Ron was steeped in the humor of it all. He sat at his desk, growling behind sunglasses, his dark, grey-tinged hair spinning off at wild angles. On the wall behind him were a series of framed photographs of chimpanzees aping See No Evil, Hear No Evil, Speak No Evil. I later learned that the glasses were an eye ailment palliative, but no explanation was offered on that day and the effect was dramatic and rather grand. They added to his mystique, his irreverent cool guy-ness.

At the end of his rant, which included a takedown of most of the Times’ front-page writers, with a particular emphasis on the paper’s “piss-poor” coverage of the LAPD, Ron abruptly stopped.

“So, what do you say to that?” he demanded, folding his arms and regarding me with the disdain I clearly deserved as one of the throng of Times no-goodniks.

In those days the paper media were at war for domination of Southern California. Ventura County was viewed as a major source of ad revenue, prompting a geyser of resources. In addition to the local newspaper, three outsiders had bureaus in Simi Valley, a town with a population smaller than Pasadena’s. I had been the Times’ Simi Valley reporter. The Daily News had someone there too.

“Well,” I said, “if you read the Times’ Simi Valley coverage you would know that I kicked butt on the Daily News on a regular basis.”

Ron laughed. “Touche,” he said. “We need to work on our coverage out there.”

He offered me a job, which I happily accepted. My year at the Daily News was, by and large, a great experience, balm for my time at the Times, due in no small part to Ron. He was often gruff but never mean. He was loyal to his reporters, respectful but not fawning. He would stroll through the newsroom at any hour of the day, belting out “My Way,” or “(I Can’t Get No) Satisfaction” and peering over reporters’ shoulders, reading ledes out loud and offering ad hoc critiques. He was collegial in the truest sense of the word, well read and intellectually curious, ready to discuss philosophy, faith, politics, cooking, sports, the stock market or anything else that came up. When my husband and I moved to Silver Lake and threw a housewarming party, we invited the entire Daily News staff, including Ron. He not only showed up but stayed late, as comfortable outside of the newsroom as he was in it.

For me, to be a big fish in a small pond was a wonderful thing. At the Times an underling like me would be lucky to get a tag line on a big story as part of the “swarm” -- the inevitable overstaffing the Times marshaled for big news events, as much to intimidate the competition as to provide thorough coverage. I was grateful to be offered the occasional fence-painting privilege of working the weekend night shift downtown, which consisted of monitoring the evening news shows and rewriting wire copy.

At the Daily News, scrappy was the rule of the day. The paper did not begin to have the staff to swarm anything. One story, one reporter meant I was given free rein.
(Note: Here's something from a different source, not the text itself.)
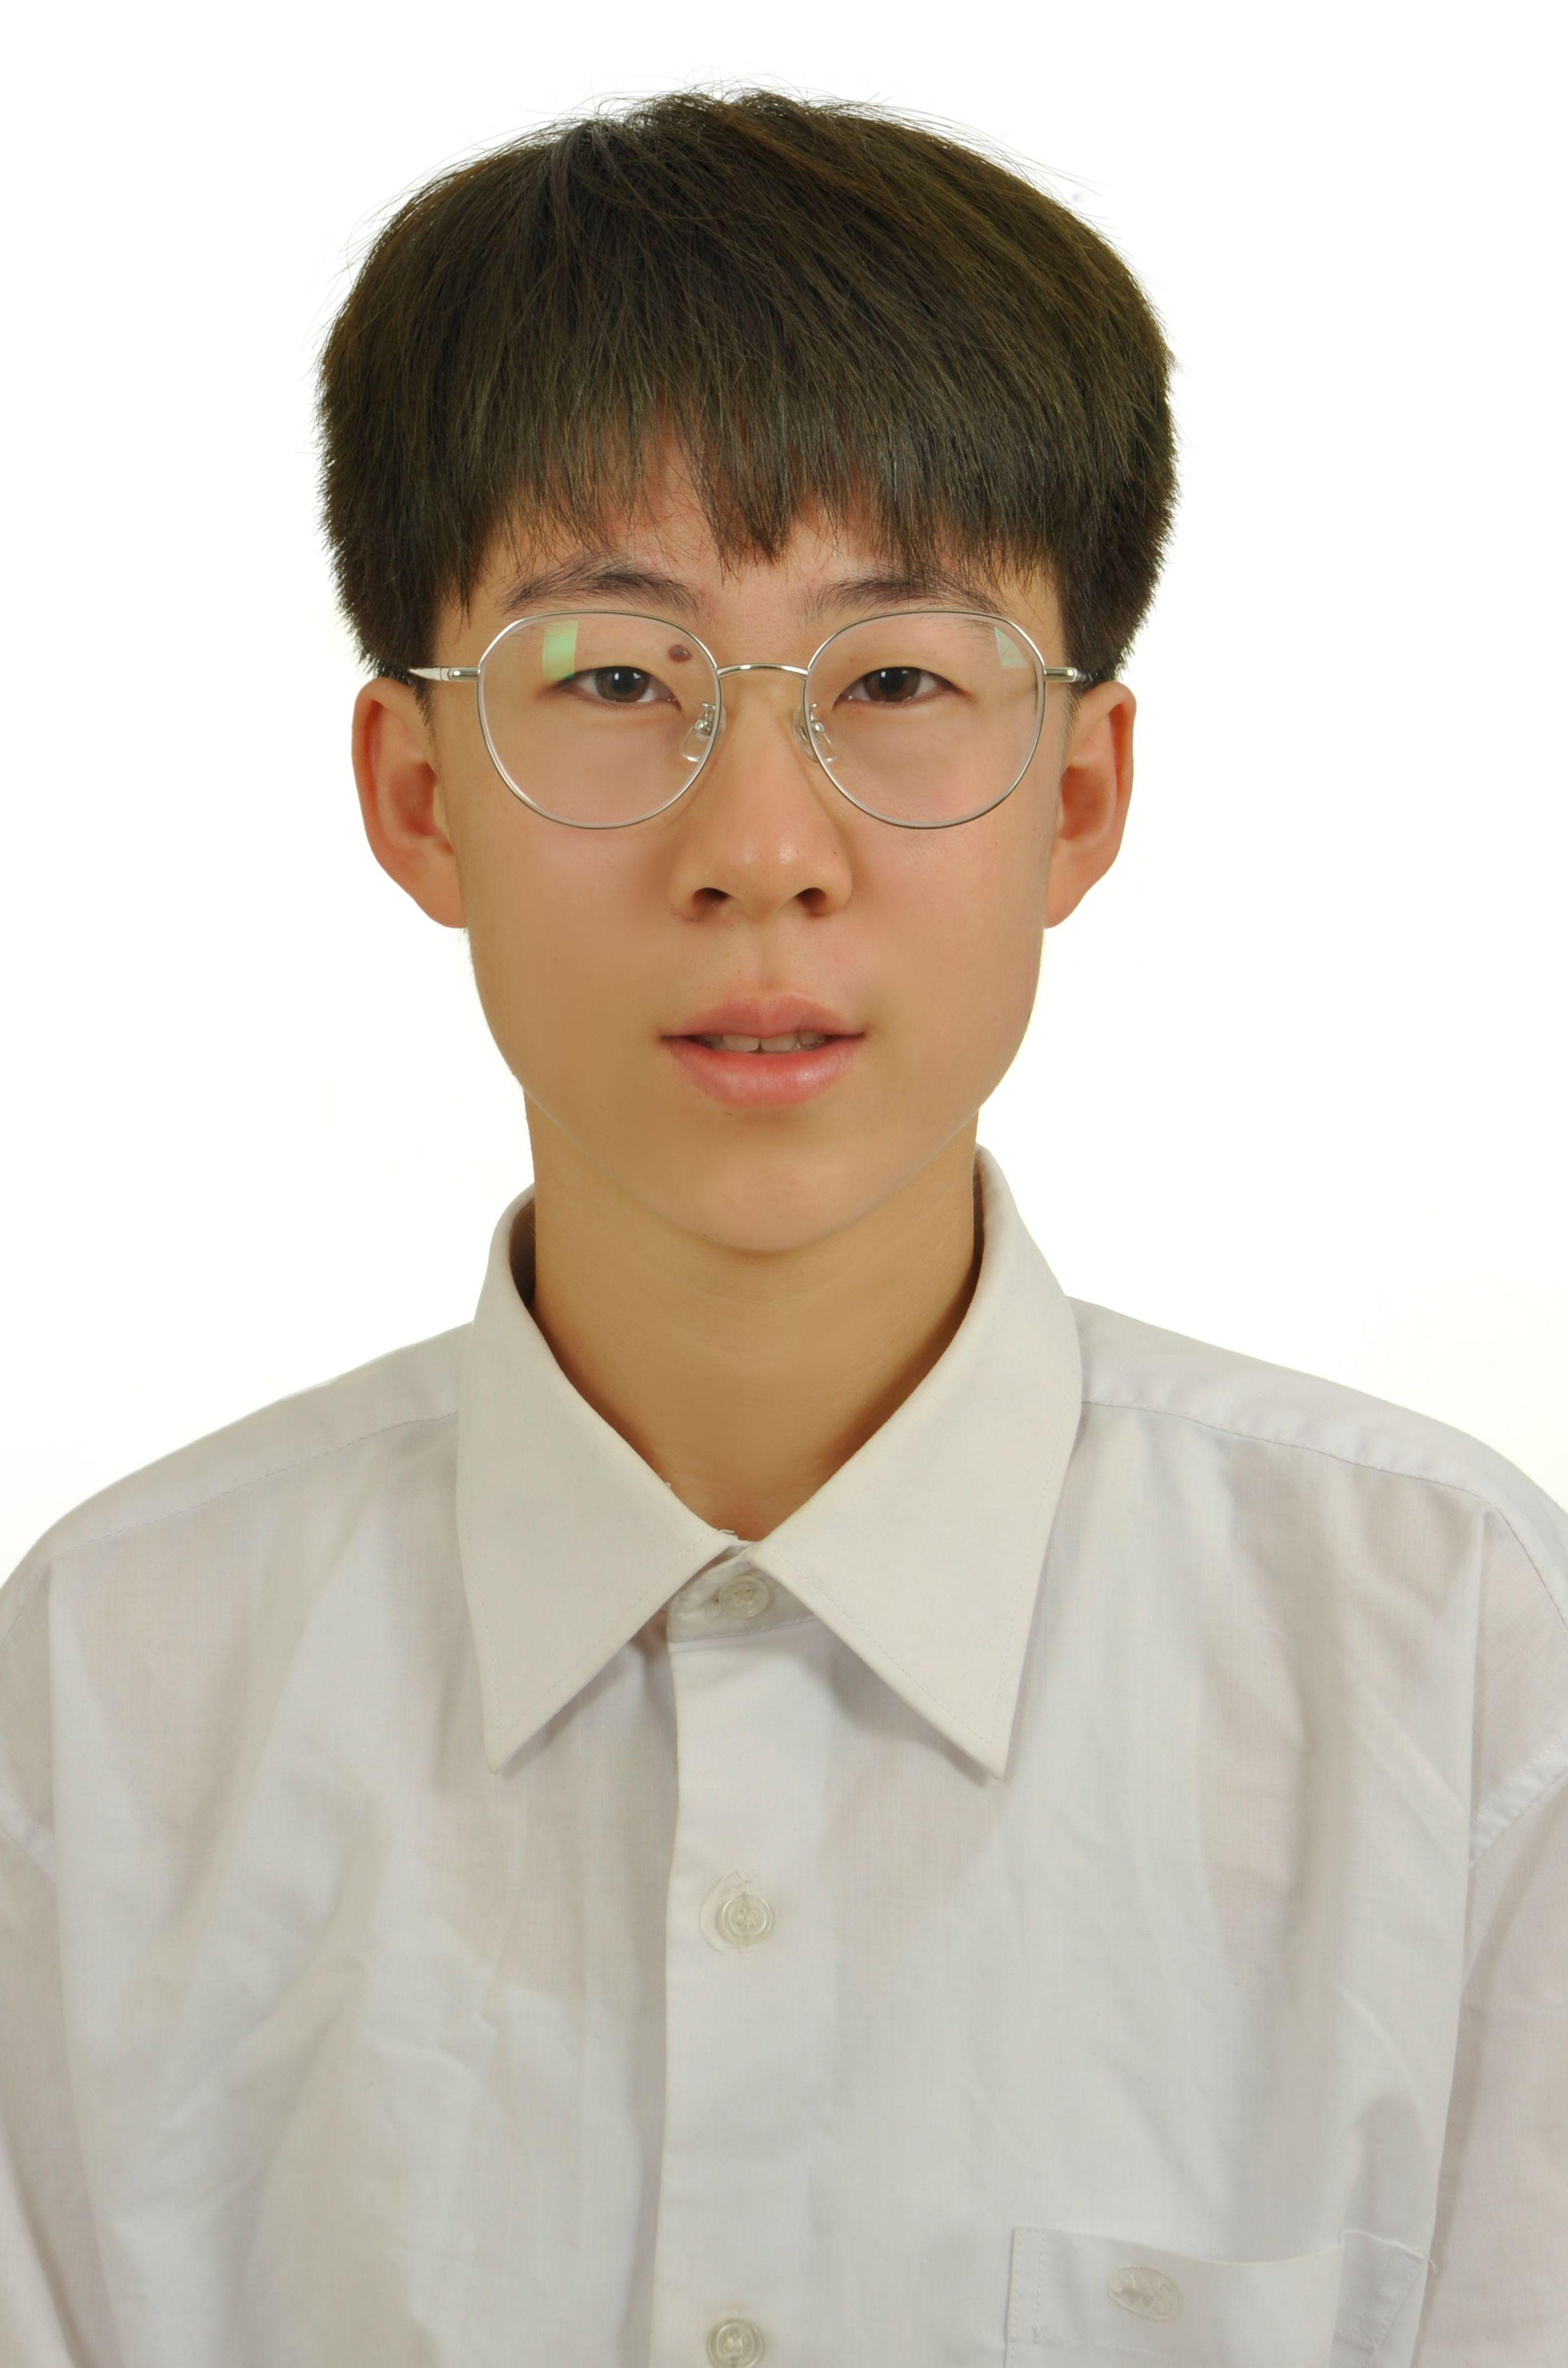 丹东家教周教员

I profiled Tom Hayden, Henry Waxman and Sister Helen Prejean. I covered Colin Powell and Jesse Jackson, as well as the Chris Darden meltdown after the OJ verdict, sitting next to Maria Shriver, then working for NBC, who draped her Armani suit jacket over the back of her chair, next to my Ross Dress for Less cardigan.
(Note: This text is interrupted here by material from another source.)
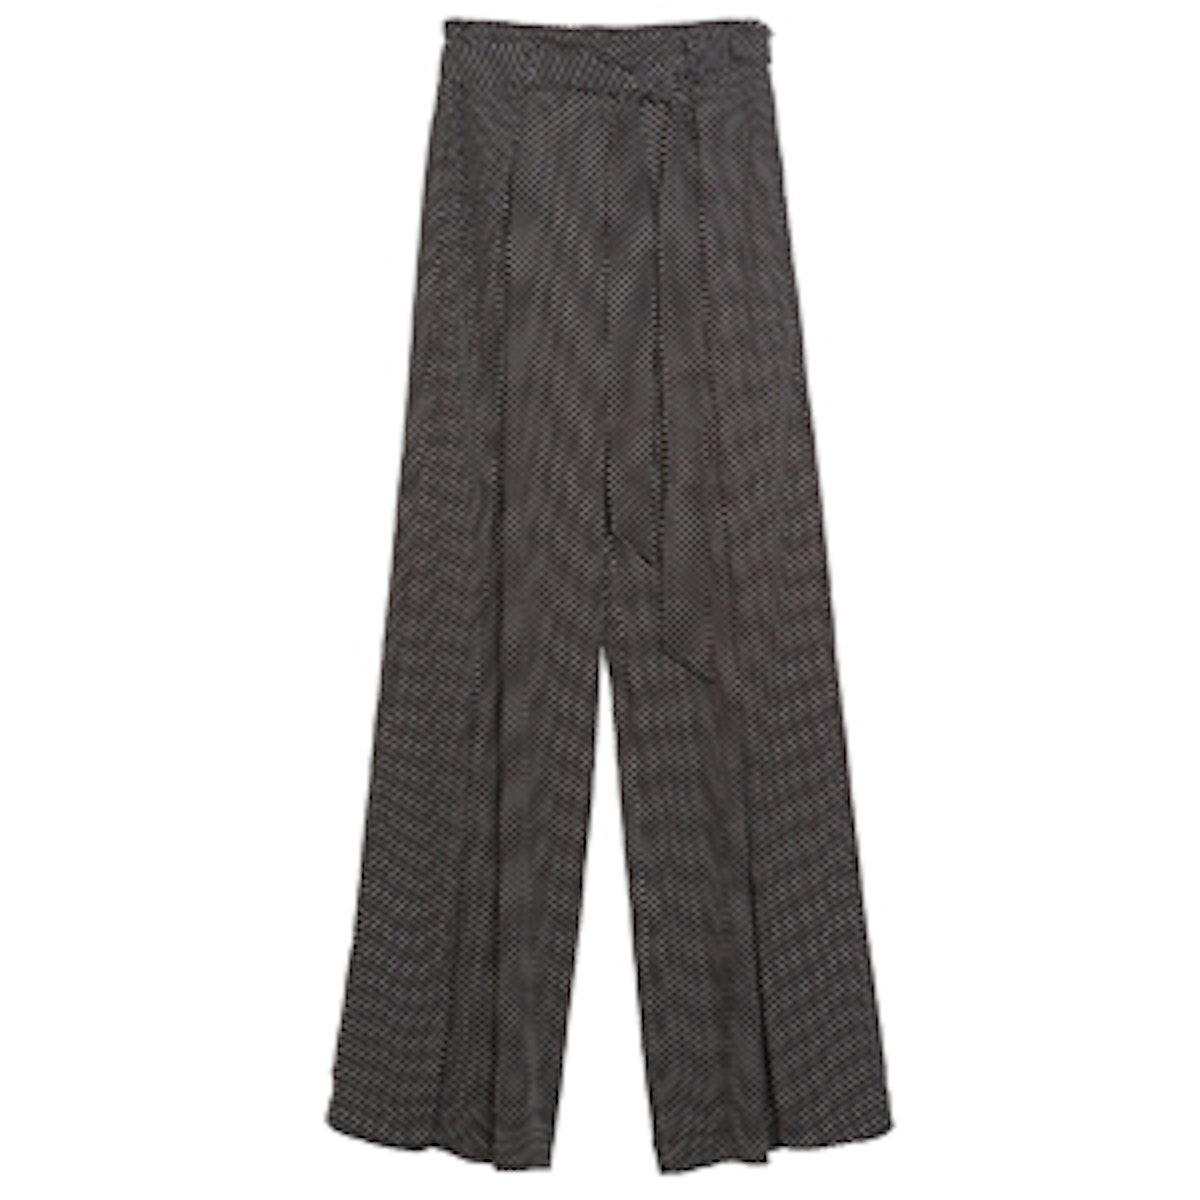 Wide Printed Pants

If the Los Angeles Times of that era was classical music, with all its constricting hoity-toityness, and the LA Weekly the wildly veering, by turns brilliant and self-destructive incarnation of punk rock, Ron Kaye’s Daily News was rock and roll – direct, soulful and pragmatic.

After being treated like a second-class citizen at the Times, it was both thrilling and absurd to be at a paper that, through Ron Kaye, transformed its second-class citizen-ness into its raison d’etre. My tenure at the Daily News came at the beginning of the secession dance, when the paper first began pushing the idea of the Valley breaking off from the rest of LA, and I wrote the first major piece on it, a sort of statistical tease of just what this new city might be like. Sometimes I wasn’t sure how seriously to take it all. Could this be for real, this quest for separateness? Did anyone really think it would be good for the Valley to be on its own?

The fundamental conservatism of the community that supported the Daily News, if not the paper itself, left me feeling that it wasn’t simply a desire to be heard that lay at the root of the secession drive, but a wish to sever itself from the urban complexities that defined Los Angeles. The paper in those days was very much a good old boys operation. All the top editors, all the columnists, all the decision-makers and agenda-setters, were white and male.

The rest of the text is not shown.